Using mutual information to test from Finite State Machines: Test suite generation,☆☆

https://doi.org/10.1016/j.jss.2022.111391Get rights and content

Highlights

  • Software Testing requires good Test Suites.

  • Biased Mutual Information leads the generation of good Test Suites.

  • BMI generates better test suites than state-of-the-art measures.

  • BMI generates better test suites than traditional methods.

  • BMI is preferable in realistic scenarios than completeness-oriented methods.

Abstract

Mutual Information is an information theoretic measure designed to quantify the amount of similarity between two random variables ranging over two sets. In recent work we have use it as a base for a measure, called Biased Mutual Information, to guide the selection of a test suite among different possibilities. In this paper, we adapt this concept and show how it can be used to address the problem of generating a test suite with high fault finding capability, in a black-box scenario and following a maximise diversity approach. Additionally, we present a new Grammar-Guided Genetic Programming Algorithm that uses Biased Mutual Information to guide the generation of such test suites. Our experimental results clearly show the potential value of our measure when used to generate test suites. Moreover, they show that our measure is better in guiding test generation than current state-of-the-art measures, like Test Set Diameter (TSDm) measures. Additionally, we compared our proposal with classical completeness-oriented methods, like the H-Method and the Transition Tour method, and found that our proposal produces smaller test suites with high enough fault finding capability. Therefore, our methodology is preferable in an scenario where a compromise is necessary between fault detection and execution time.

Introduction

In order to increase the reliability of complex software systems, testing (Ammann and Offutt, 2017, Myers et al., 2011) is the most widely used methodology. In a few words, testing is the process of applying inputs to the system that we are evaluating (usually called the System Under Test (SUT)), observe the outputs produced by the system and assess whether the obtained outputs coincide with the expected ones. One of the main problems to effectively apply testing to complex systems is that the amount of different inputs is usually huge (in most cases, this set is infinite). Thus, it is of the upmost importance to devise approaches that generate a set of inputs, that is, a test suite, that is small enough to be practically feasible and is likely to be effective in finding faults.

Our goal with the work that we present in this paper is to improve the testing process by generating good test suites, that is, test suites with high fault finding capability. We address this problem in the specific case where we need a finite test suite that have a bound on the number of applied inputs. This scenario appears in a number of contexts. For example, we might want to generate a test suite that has a limited execution cost and, therefore, we have to limit the number of inputs applied to the SUT.

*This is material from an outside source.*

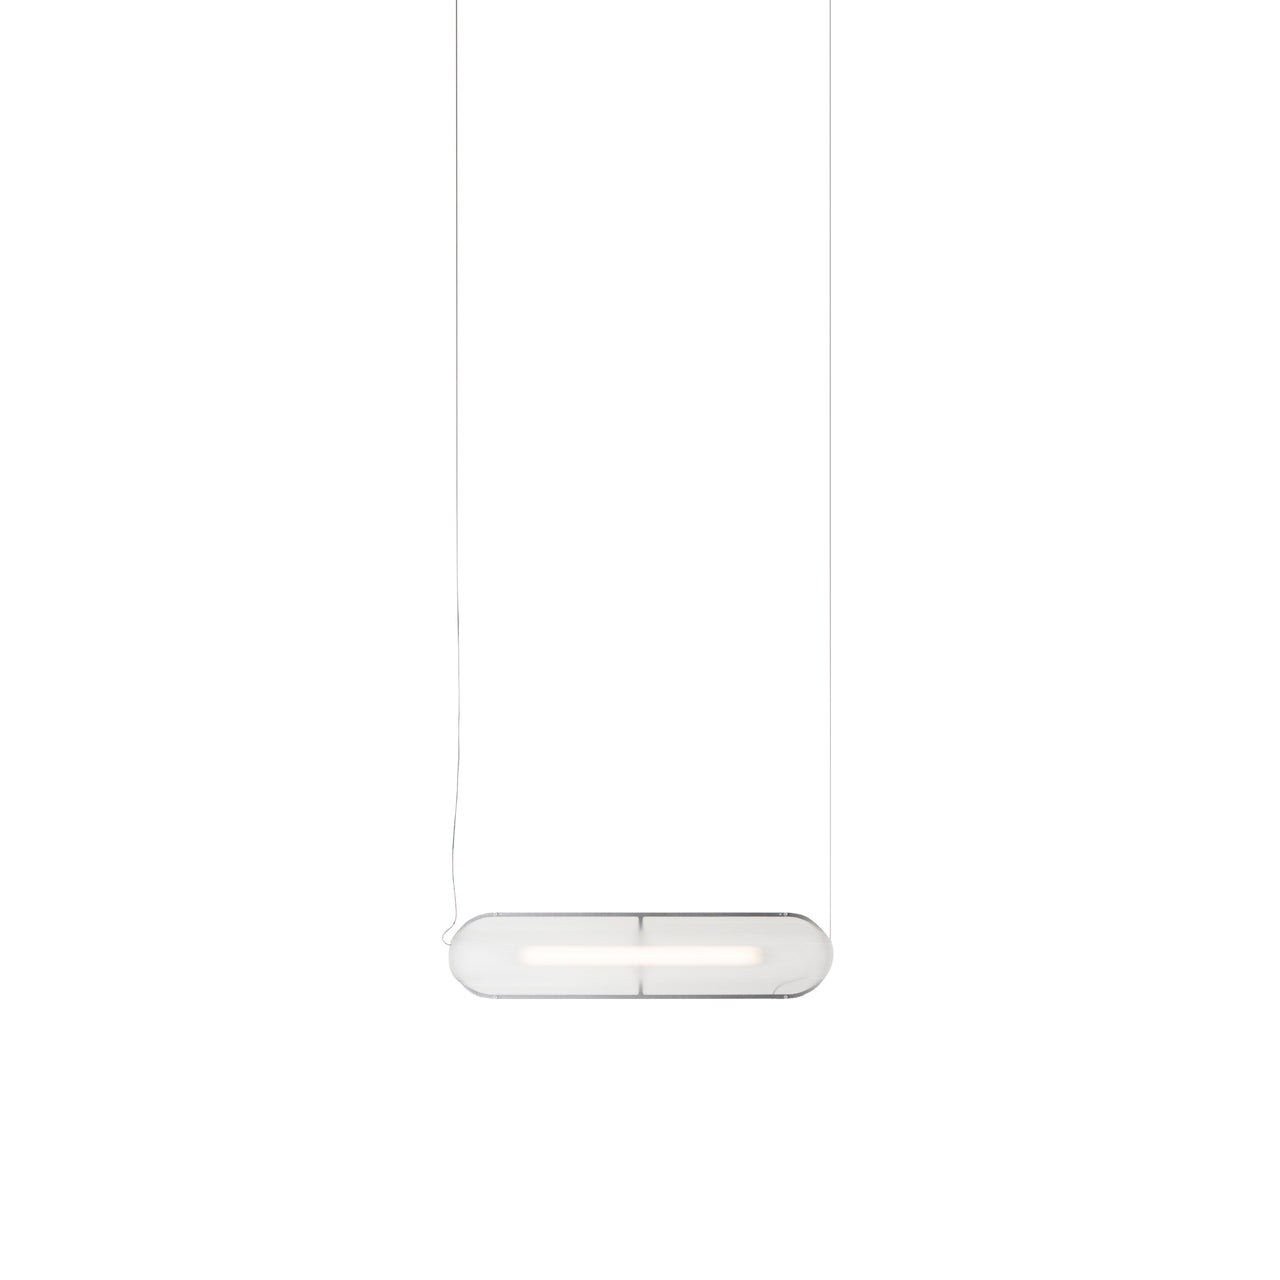 Vale System Y-Axis Pendant Light: Horizontal + End-to-End: Vale 1

We assume that the SUT is a black-box: we only know its input and output alphabets. In particular, we have no additional information about its internal structure nor can we access to the source code of the system. However, we assume that we do have a specification of the system that we want to build so that we can check whether the application of a certain input to the SUT has produced the expected output, according to the specification. In order to simplify the presentation, and following our previous work (Ibias et al., 2021), we assume that the specification is given by a Finite State Machine (FSM) but it is possible to use other state-based formalisms, in particular, those containing data. Actually, FSMs are a powerful formalism that can be used to represent very different, software and hardware, systems. Finally, we also assume that the specification has the same number of states as the implementation.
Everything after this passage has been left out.